Can I clear something up? I will. Ty and I never dated. I didn't claim him. He did not claim me. We were friends maybe with slight benefits but that was it. I didn't want him because I'll just in the end leave him. And if it wasn't me it was him. I didn't want that. He didn't want that.

"Well, I'm not sure. I cheated on Ty so she has the right to be mad at me. I was close to fighting her friend. She didn't have anything to my throat I just wanted to. I fought her because I just felt like it. So why wouldn't I like her when it's all my fault? Hmm," I said making pancakes for everyone.

Noah wasn't getting it and I could just see the annoyance on Uri's face. "Wow, you're dumb," He told Noah.

"I just like the blunt information."

"I didn't cheat. We weren't a thing. Ty brought back my dad from hell and didn't tell me. When I found out Jamie and Lacey tried to get into it with me. Jamie fought me before because she was jealous her brother doesn't talk to her," I explained plainly.
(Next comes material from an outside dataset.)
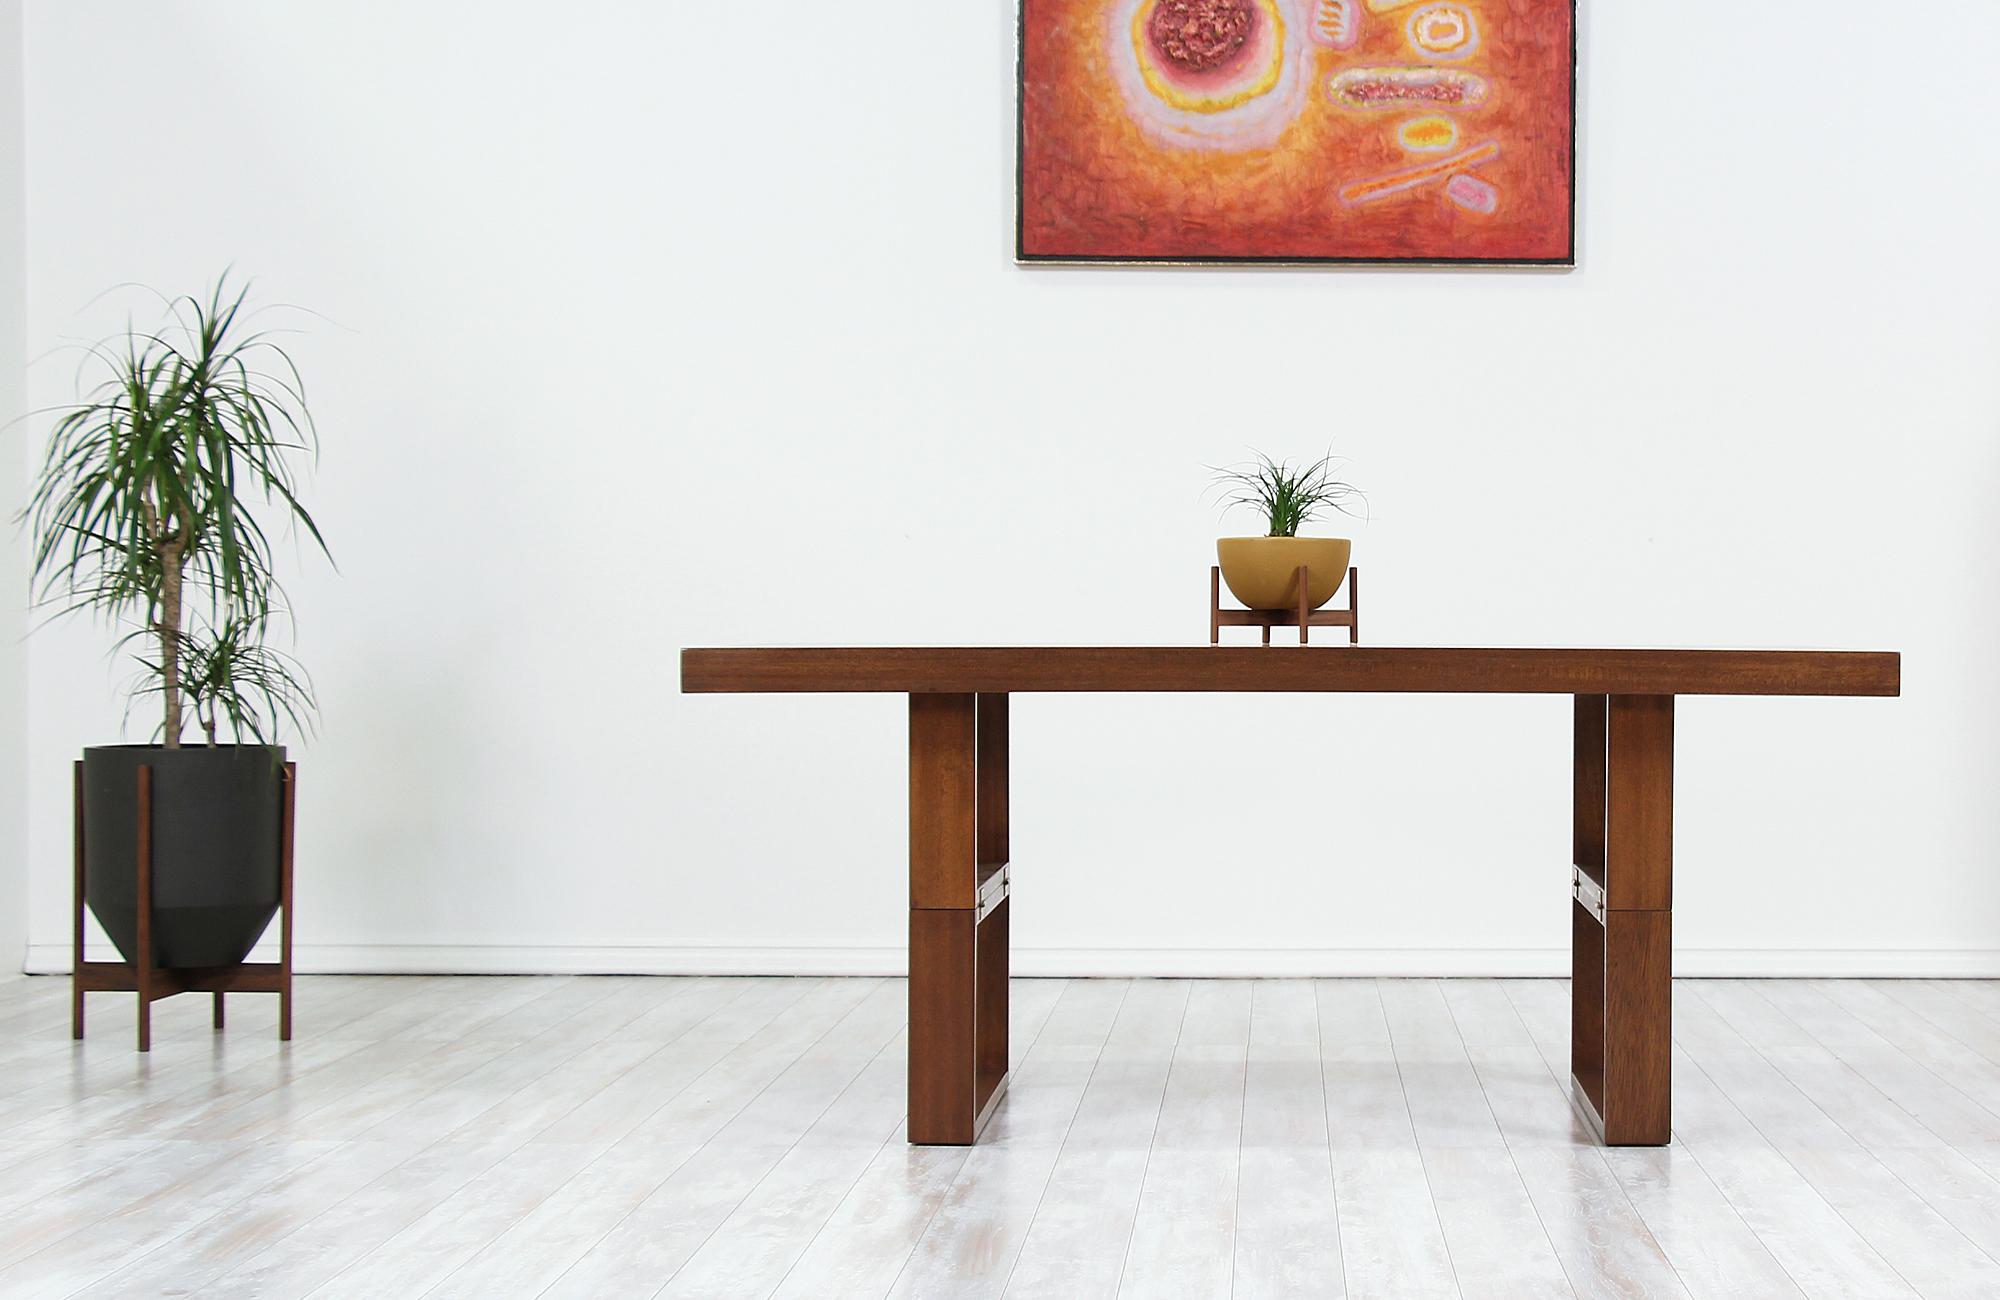 Unique table designed by Van Keppel Green and manufactured by Brown Saltman in California circa 1950s. This ingenious design features a walnut-stained mahogany frame that is supported by a linear, geometric base. Known as the Camel table due to its

I knew the reason behind why their relationship was bad. It's not my fault. Not her fault either. Things just shouldn't be said and she wants to know those things.

I handed over the pancakes, sitting on the other side of the island. Uri ate, but Noah stared.

"What?"

"Why did you get involved with Ty to begin with? He manipulates girls for fun and has tons of issues," Noah said finally.

"He was interesting."

"So you hang out with every guy you find interesting," he said under his breath.
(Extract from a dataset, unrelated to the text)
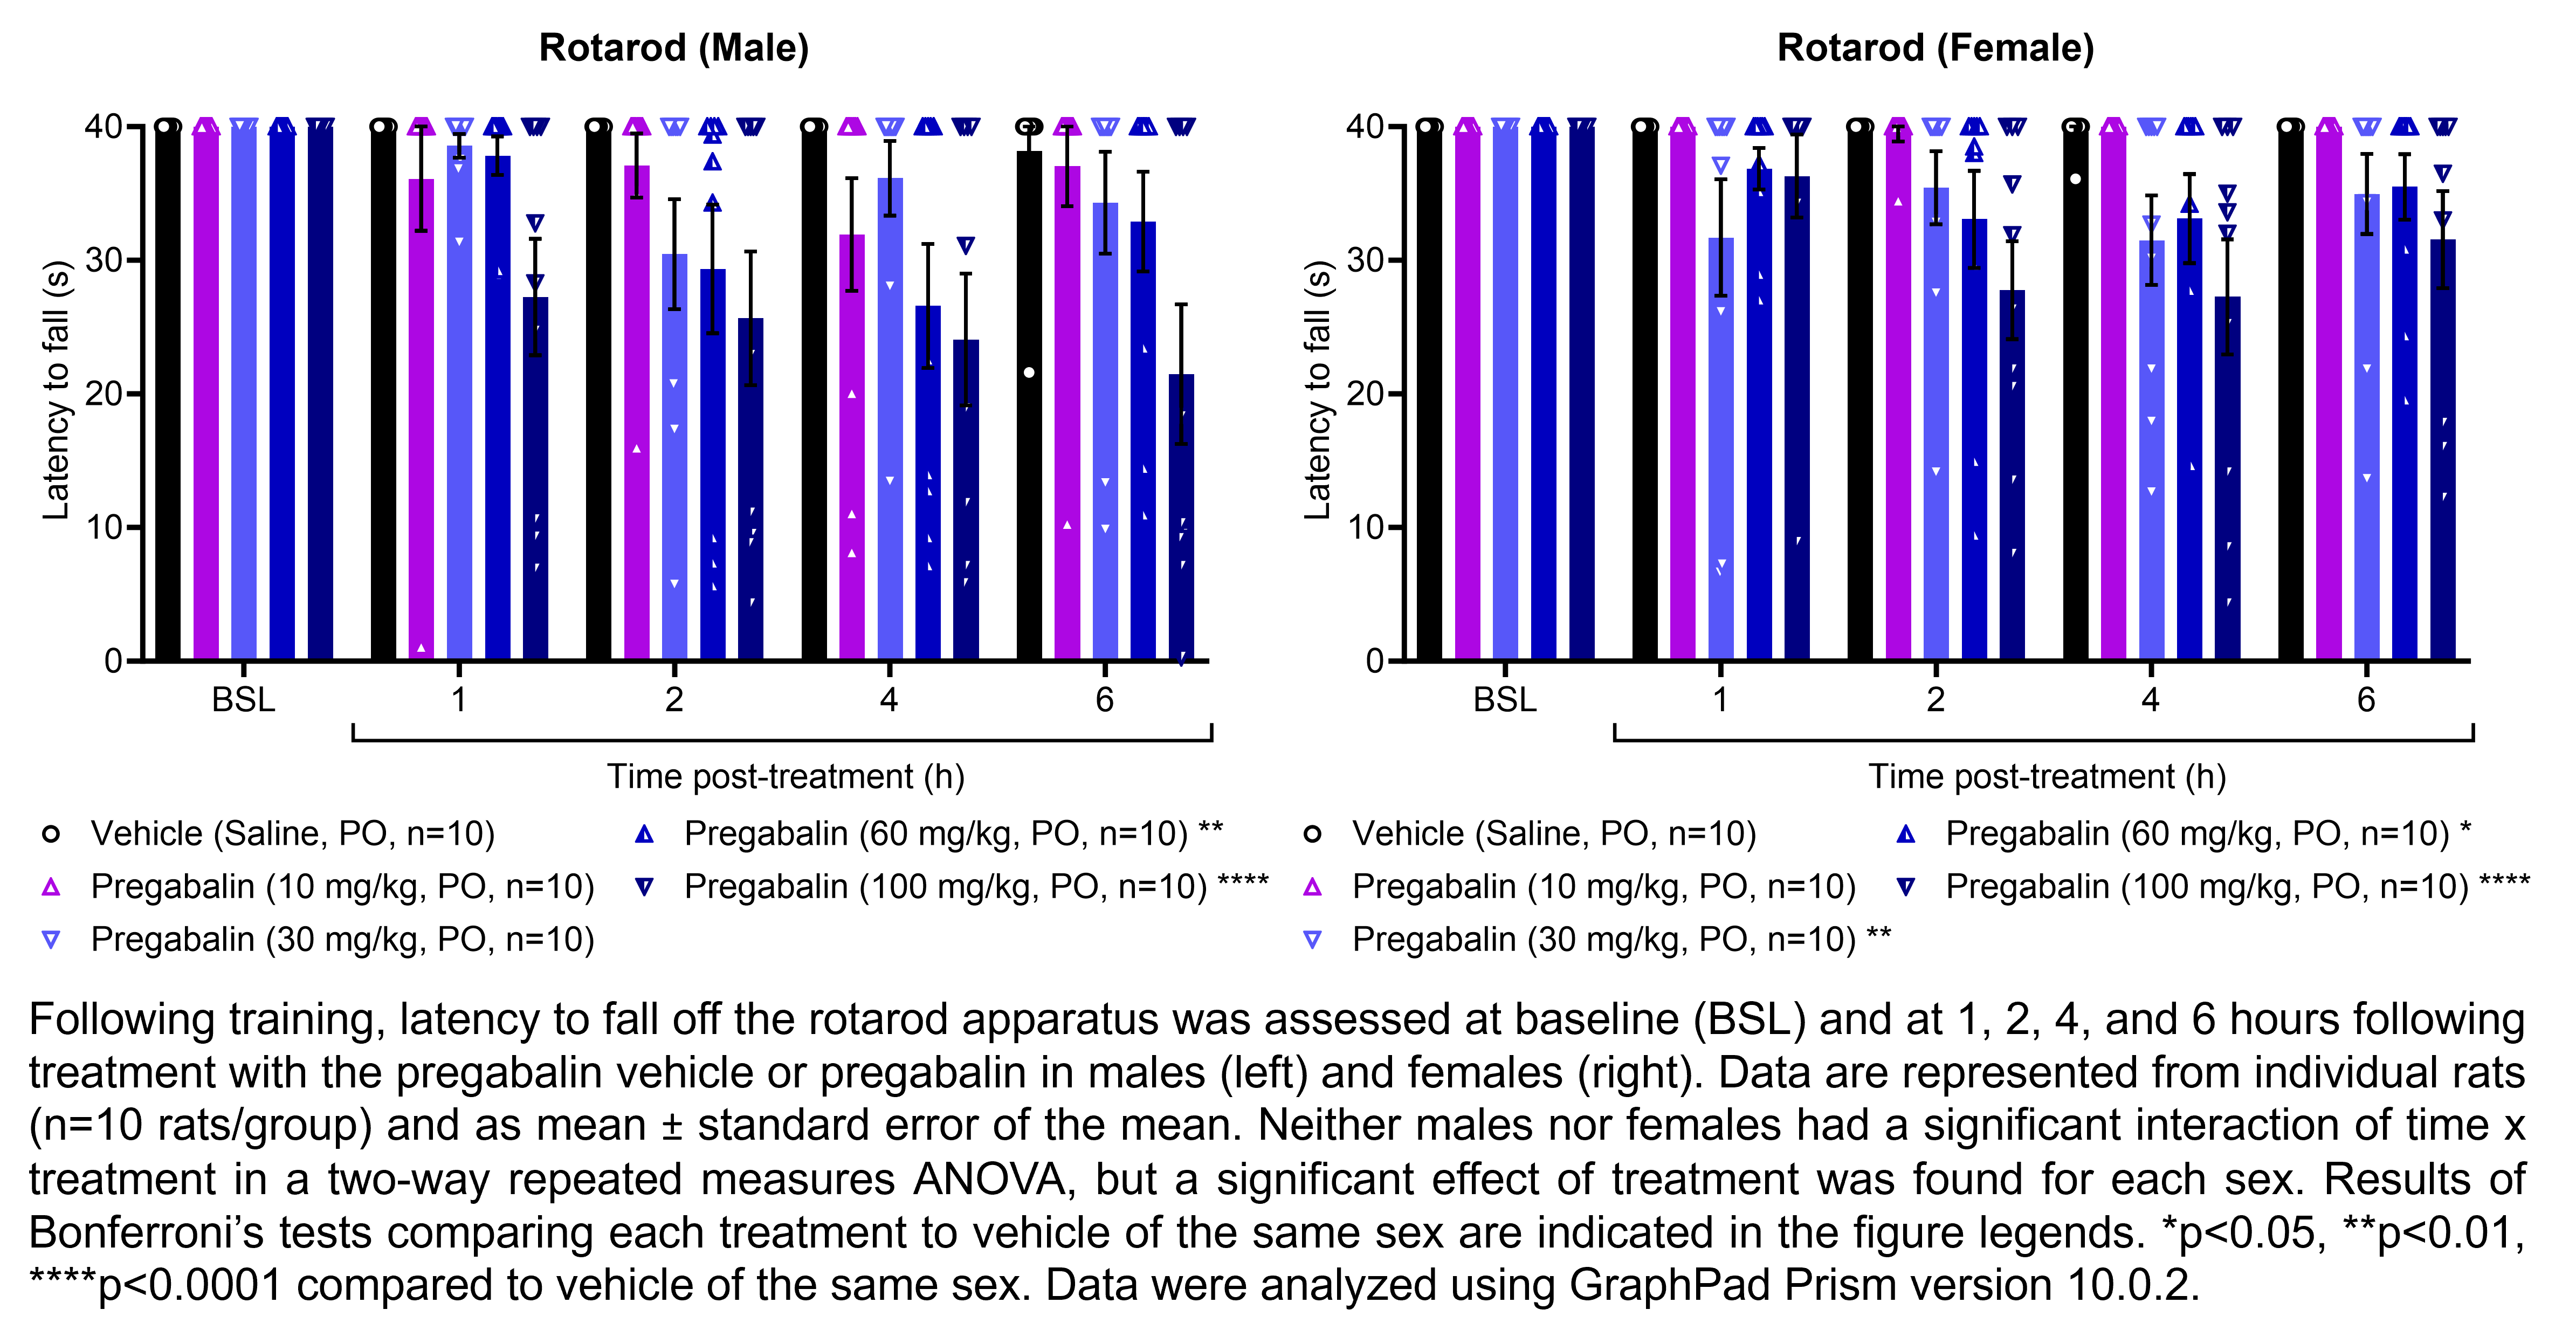 Two graphs show the latency for male or female rats to fall off a rotarod apparatus. Responses are shown at the following time points: baseline (before treatment) and at 1, 2, 4, and 6 hours after treatment with vehicle (saline, delivered PO) or pregabalin (10, 30, 60, or 100 mg/kg, delivered PO). There were 10 rats per group. Neither males nor females had a significant interaction of time x treatment in a two-way repeated measures ANOVA, but a significant effect of treatment was found for each sex. Bonferroni’s tests found a significant decrease in the latency to fall relative to vehicle in males after treatment with 60 mg/kg pregabalin (p<0.01) and 100 mg/kg pregabalin (p<0.0001). Bonferroni’s tests found a significant decrease in the latency to fall relative to vehicle in females after treatment with 30 mg/kg pregabalin (p<0.01), 60 mg/kg pregabalin (p<0.05), and 100 mg/kg pregabalin (p<0.0001).

I can't believe we're still doing this. Why is it me? Why do we have to attack me? I get enough of it at school back home, I don't need another person doing this. Especially this.

Mom always said to walk away and take a breather. I could really go for that right now. Actually we're going to take that. Sadly it was ruined.

"Mak-"

"Just stop, Noah."

I took in some breathers, feeling Uri place a comforting hand on my arm. This was new for me because not too many people try that whole comforting thing. I appreciate this.
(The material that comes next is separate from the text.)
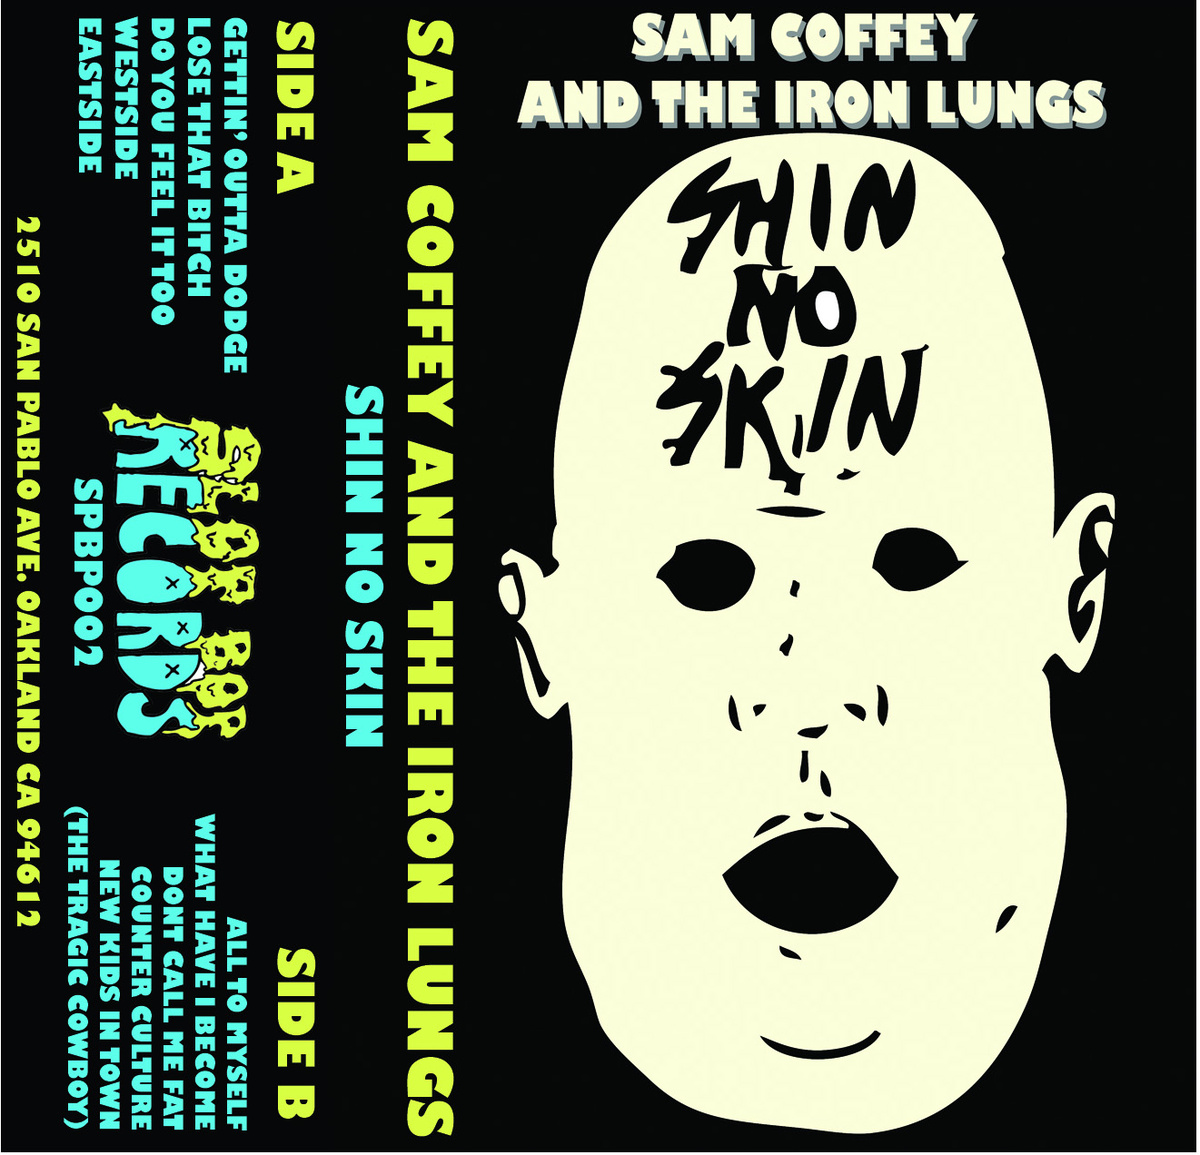 Sam Coffey And The Iron Lungs- Shin No Skin Cassette Tape

I was good for about 2 seconds then I started thinking about it. Why can't we just go a day trying to get along? I don't see why that's so difficult.

"What happened," Uri asked nicely.

My heart was racing and I was quickly getting ready to snap. "Why is it me? Why is it always me who everyone wants to pick on?"

He backed off, looking over to Noah. They were both silent. I don't like playing the victim, but the role keeps getting casted to me and I'm sick of it. I can't do this anymore. I just- ugh.

I need a drink.

I swore I wasn't going back, but I need it. Belle can get mad and work with me again, but she's not here right now. Right now it's going to be me and whatever hard liquor they had in this house and I know they have it. It's the only kind that gets demons wasted. Also the only kind that effects me more than the others.